For purposes of counting against the uranium delivery quota
limitations, the date of delivery shall determine when the Uzbek
uranium shall come within the annual limit.
Deliveries pursuant to multiyear contracts shall be strictly
subject to the quota available at the time of delivery, with the
following two exceptions:
(1) For multiyear contracts entered into during the first two
Relevant Periods which do not specify a price per pound U308 equal
to or greater than $12.00, deliveries shall be strictly subject to the
annual quotas in effect at the time of delivery; however, if the annual
quota in effect at the time of such delivery is less than 750,000 lbs.,
up to 750,000 lbs. may be delivered.
(2) Deliveries pursuant to multiyear contracts which provide for
annual deliveries no greater than the quota in effect at the time the
contract is entered into, and which specify a price per pound U308
at or above $12.00 during the first two Relevant Periods, or at or
above the latest DOC price calculation in subsequent Relevant Periods,
may be made in the full amount for the full term of the contract, even
if they exceed the annual quotas in effect at the time of delivery.
Such deliveries will be applied against the annual quotas in effect at
the time of delivery.
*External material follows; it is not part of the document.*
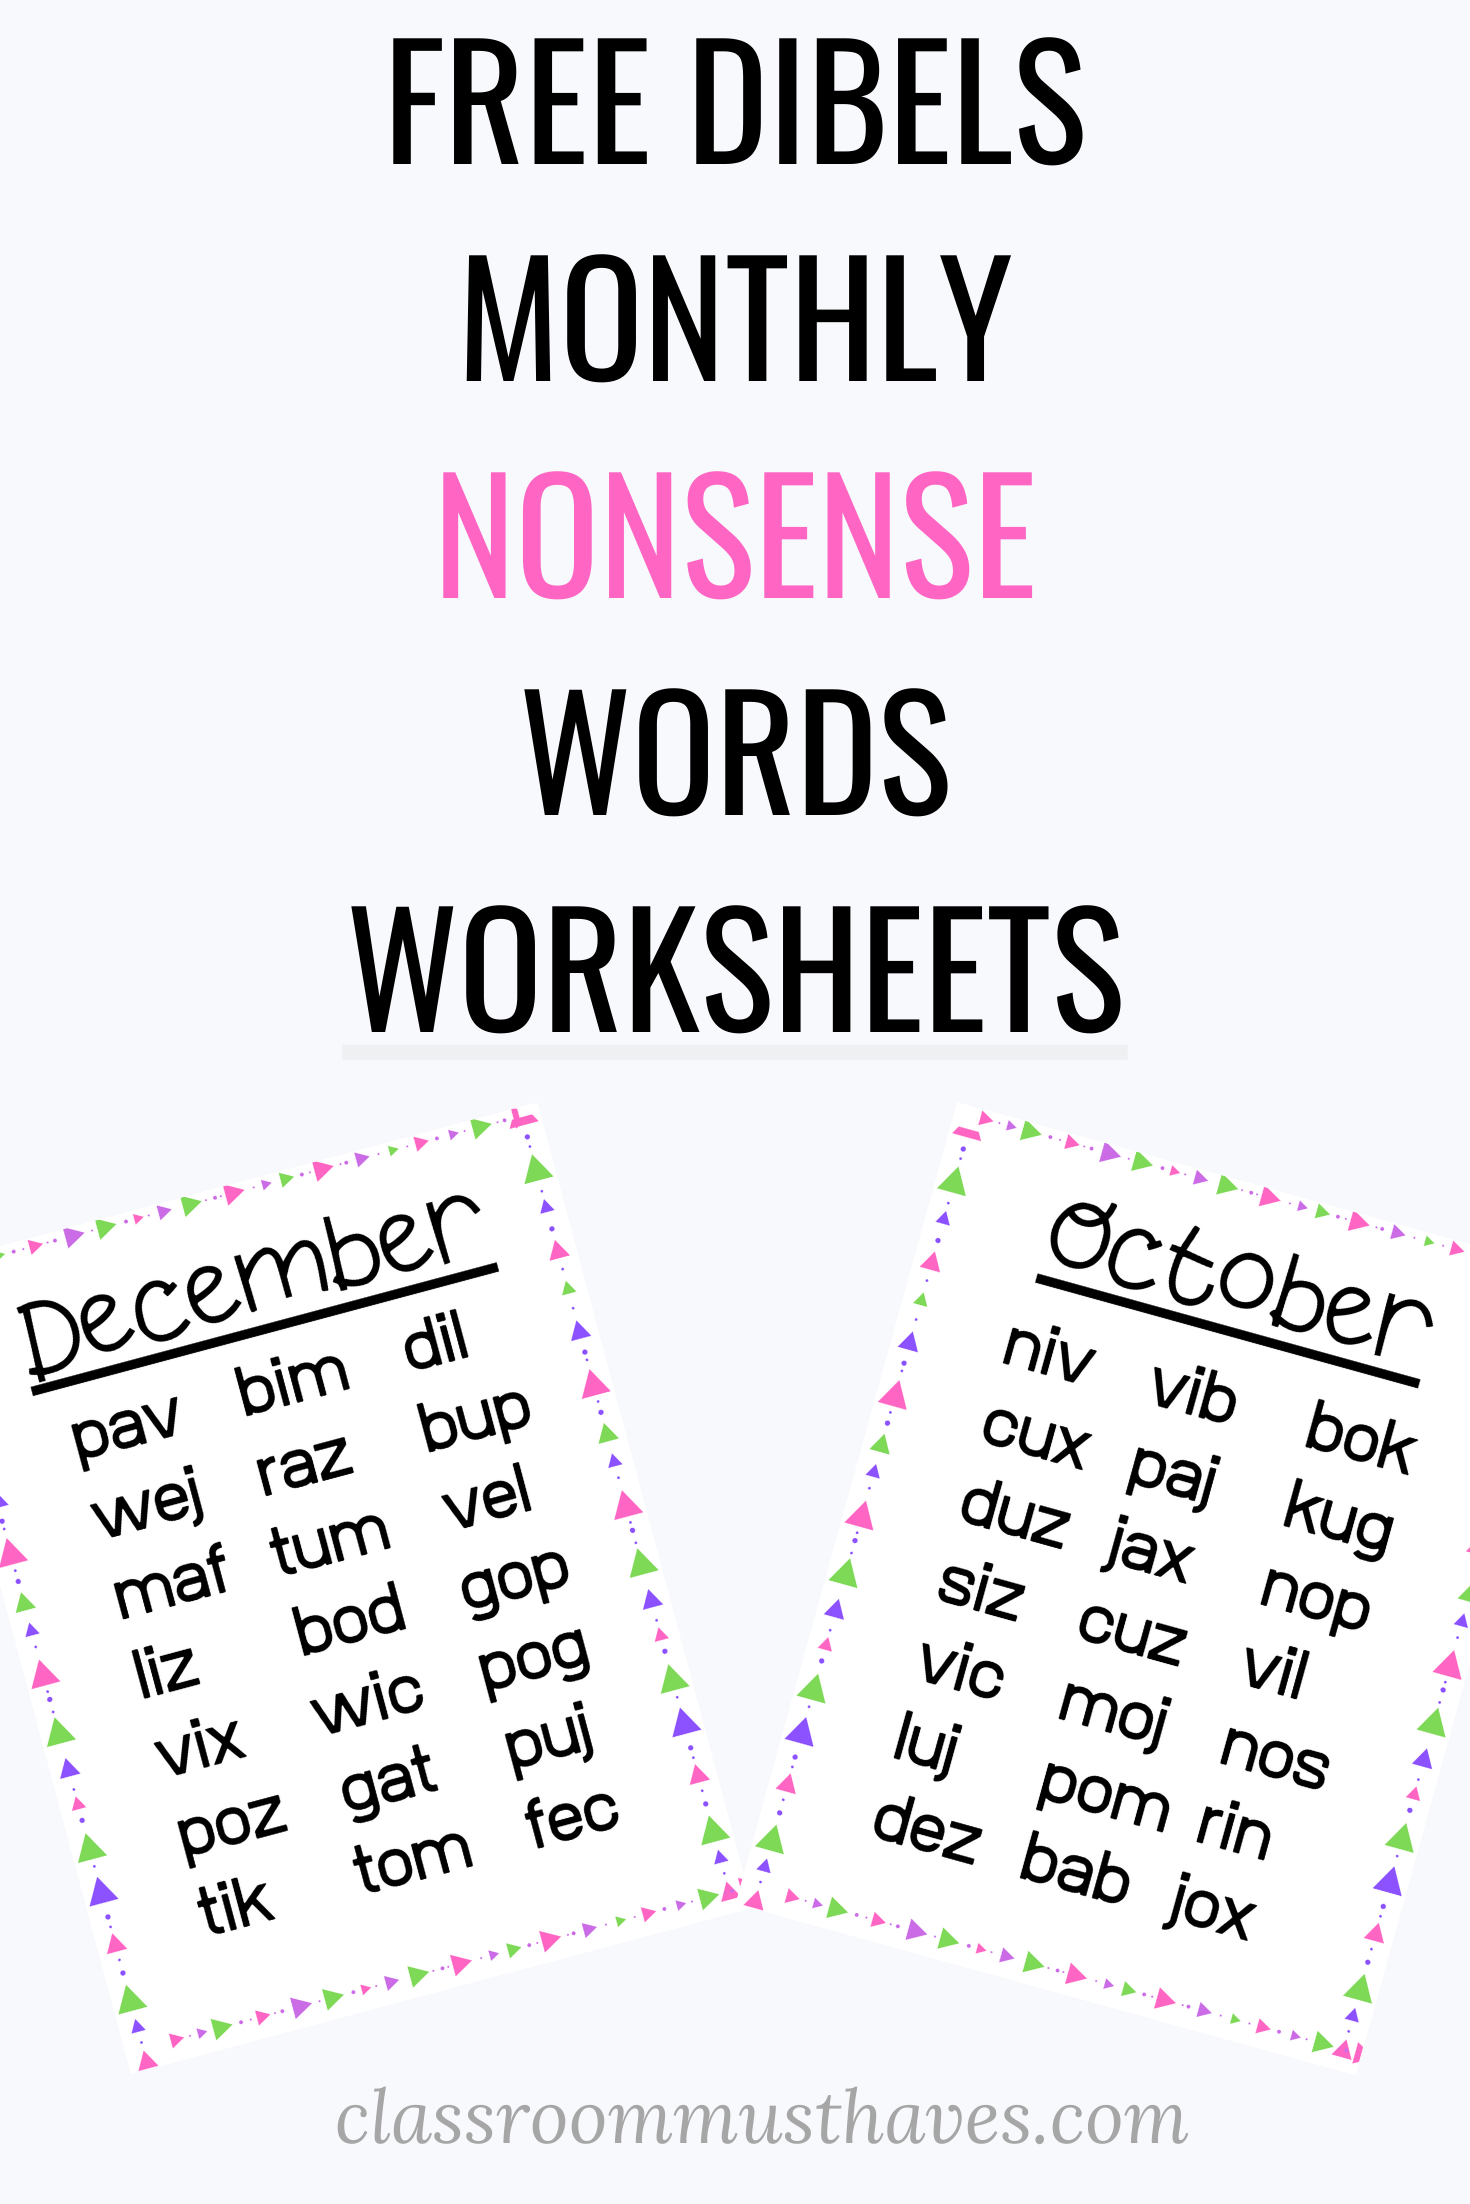 DIBELS Free Nonsense Word Fluency Lists via @classroommusthaves

Where the amount of such deliveries exceeds the
annual quota in effect at the time of delivery, such quota overage will
be deducted from the annual quota available in the subsequent relevant
period(s). No additional quota will become available unless and until
any quota deficit created by such delivery overage(s) is eliminated.
The total annual delivery volume specified in multiyear contracts
entered into under paragraphs 1 and 2 of this subsection may not exceed
940,000 lbs. per year for each of the first two Relevant Periods.
For purposes of determining the applicable quota level under
Appendix A, the Department will supply the U.S. production level, as
defined in Section II(j), to the parties to the proceeding thirty days
before the beginning of every Relevant Period.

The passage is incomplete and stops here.